Mitsubishi develops 25Gbps laser and photodiode for 100GbE

Tokyo-based Mitsubishi Electric Corp has developed transmission devices for high-speed, 100 Gigabit Ethernet (100GbE) applications that multiplex four wavelength channels of 25Gbps-speed optical signals in parallel.

The direct-modulation distributed-feedback (DFB) laser diode features modulated waveforms of 25Gbps, while the photodiode array for receiver modules has a responsivity of 0.88 amperes per watt (A/W). The products stem partly from the government project ‘R&D on High-speed Optical Transport System Technologies (High-Speed Low-power-consumption Optical Transport Technology for Ethernet)’ overseen by Japan’s Ministry of Internal Affairs and Communications.

Since transmission volumes over optical communication networks is rising rapidly, the IEEE is expected this June to set a standard for 100GbE, increasing the maximum transmission speed from the existing 10Gbps Ethernet standard. Specifically, within transmission distances of 100m to 10km (e.g. between local data centers and inside buildings), the 100GBASE-LR4 standard is being considered as a method for transmitting data at 100Gbps by wavelength multiplexing four channels of 1.3 micron-wavelength 25Gbps signals in parallel. To send and receive these optical signals, each end requires four optical semiconductor chips operating at 25Gbps: four DFB laser diodes to send optical signals and four photodiodes to receive the signals.

Mitsubishi Electric says that there is demand for 25Gbps DFB laser diodes that can be operated directly by modulation signals (and hence do not require external modulation devices), leading to lower energy consumption and lower transmission equipment costs. However, until now it has been difficult to raise the speed to 25Gbps because the mask margin — an index showing the quality of modulation waveforms (eye diagrams) — deteriorates at high speed.

The active layer of the new laser diode incorporates a buried active-layer structure that uses AlGaInAs. The active layer also has a short cavity and, by keeping the operating current density low as well as inhibiting the electrons in the active layer from dispersing at high temperature, Mitsubishi Electric has achieved low energy consumption and what is claimed to be a world-leading eye-diagram quality. Even at a very high operating temperature of 50ºC and low average current of 45mA, the new laser can achieve an optical output of 9dBm and a high mask margin of 26% or more. The device can hence enable up to 10km of transmission under the 100GBASE-LR4 standard with low energy consumption of 0.1W or less.
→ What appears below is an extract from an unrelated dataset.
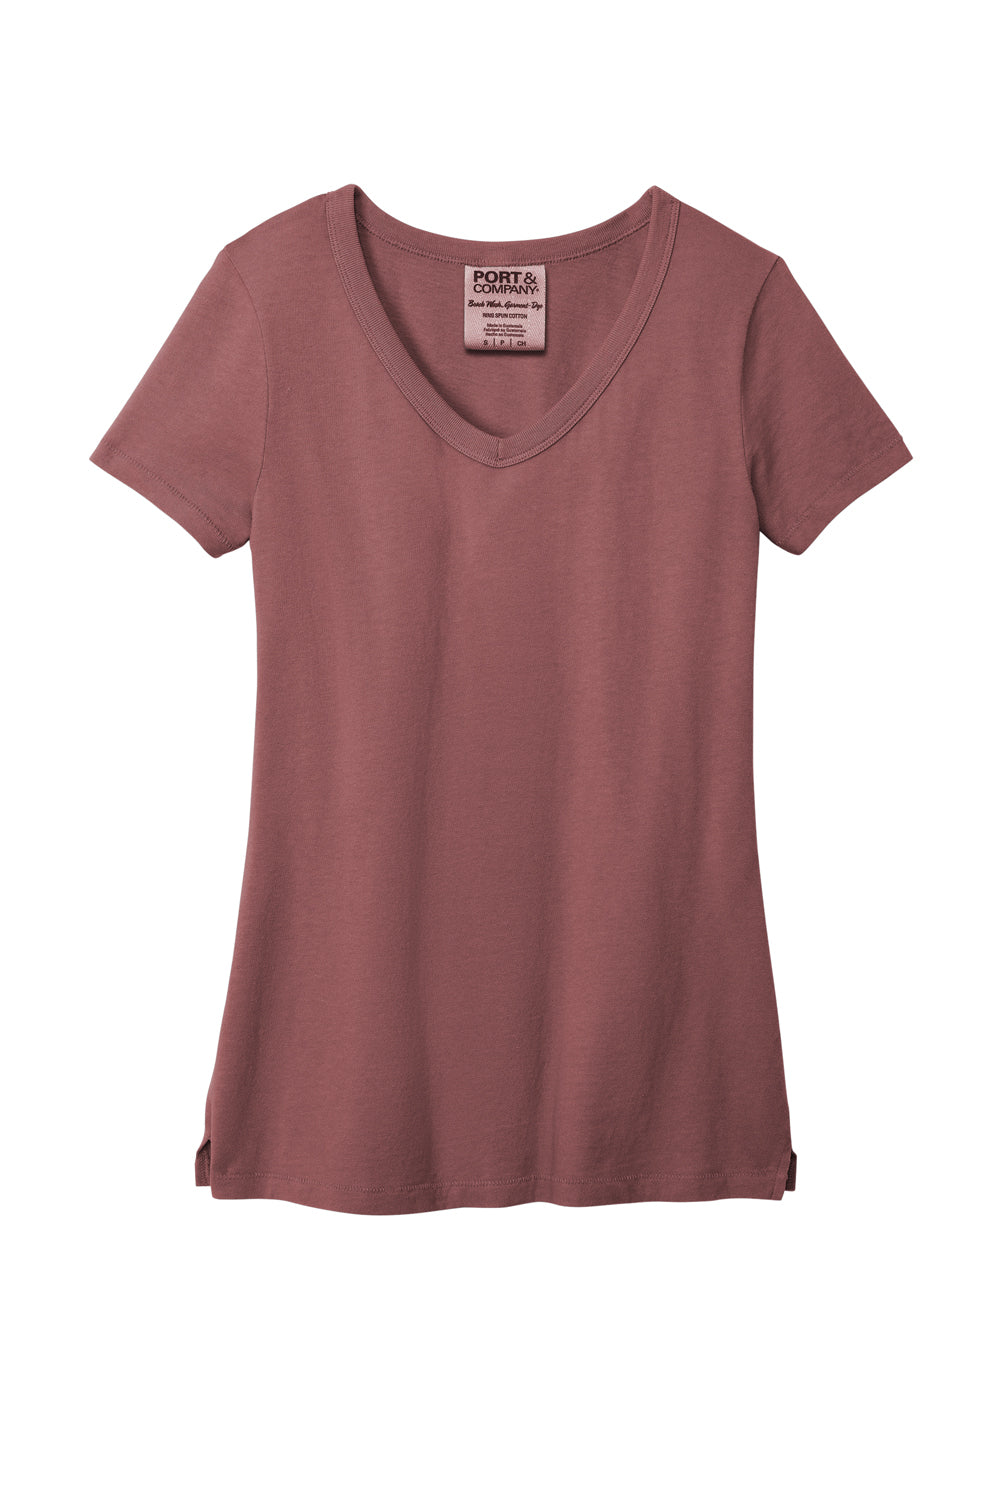 Port & Company LPC099V Womens Beach Wash Garment Dyed Short Sleeve V-Neck T-Shirt Nostalgia Rose Flat Front
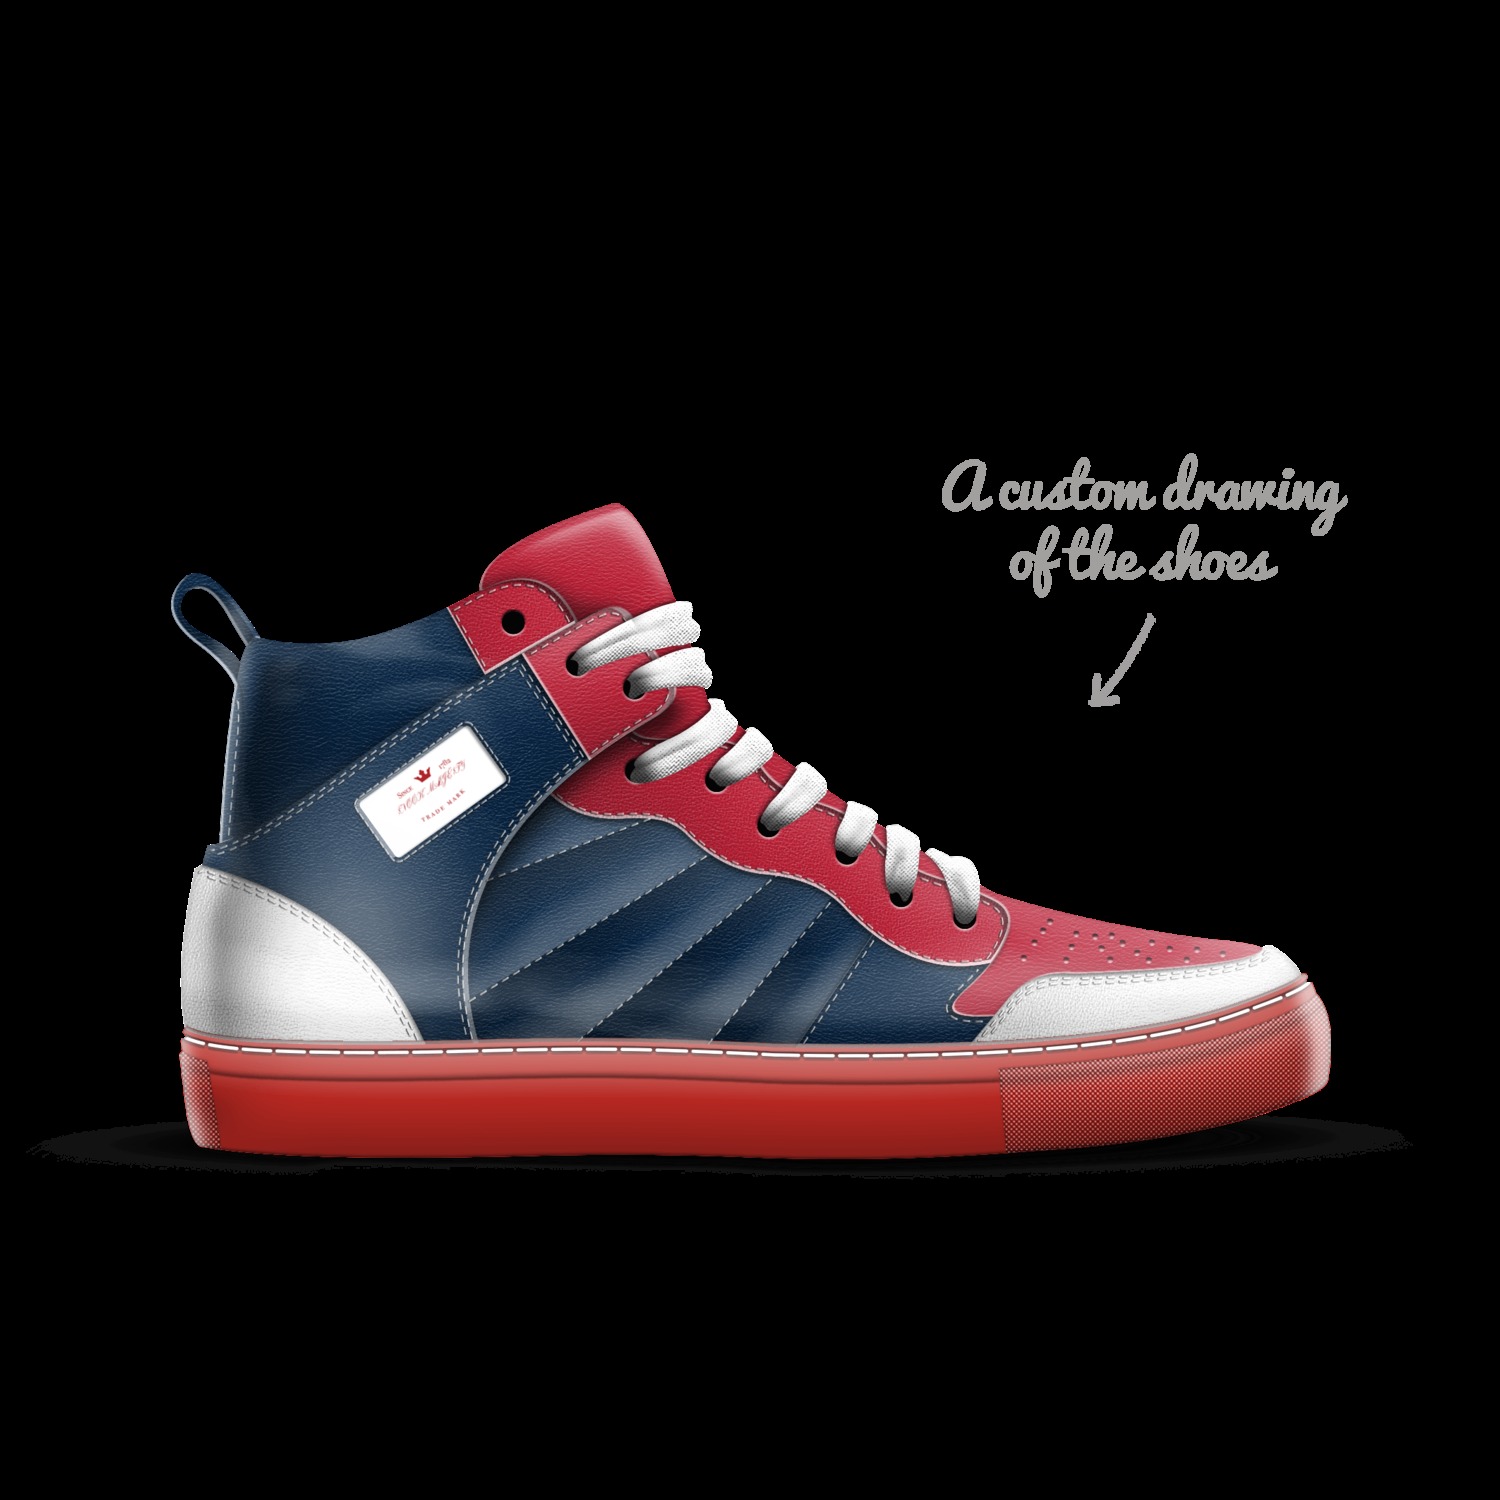 Snook majesty | A Custom Shoe concept

Regarding the receiver, Mitsubishi Electric adds that there is a tradeoff between gaining high speed by making optical absorption layers thinner and achieving high responsivity in the photodiodes, which has previously made it difficult to obtain sufficient responsivity at 25Gbps. The new photodiode has a highly reflective mirror at the bottom of its optical absorption layer, reflecting signal light so that it goes through the thin absorption layers twice to be converted into electrical signals. Mitsubishi Electric hence achieved operation at up to 25Gbps with a high responsivity of 0.88A/W. Integration of four photodiodes into one array chip helps to reduce the size of the receiver modules to less than 3cm3 (a third of the volume of four discrete photodiode modules in total).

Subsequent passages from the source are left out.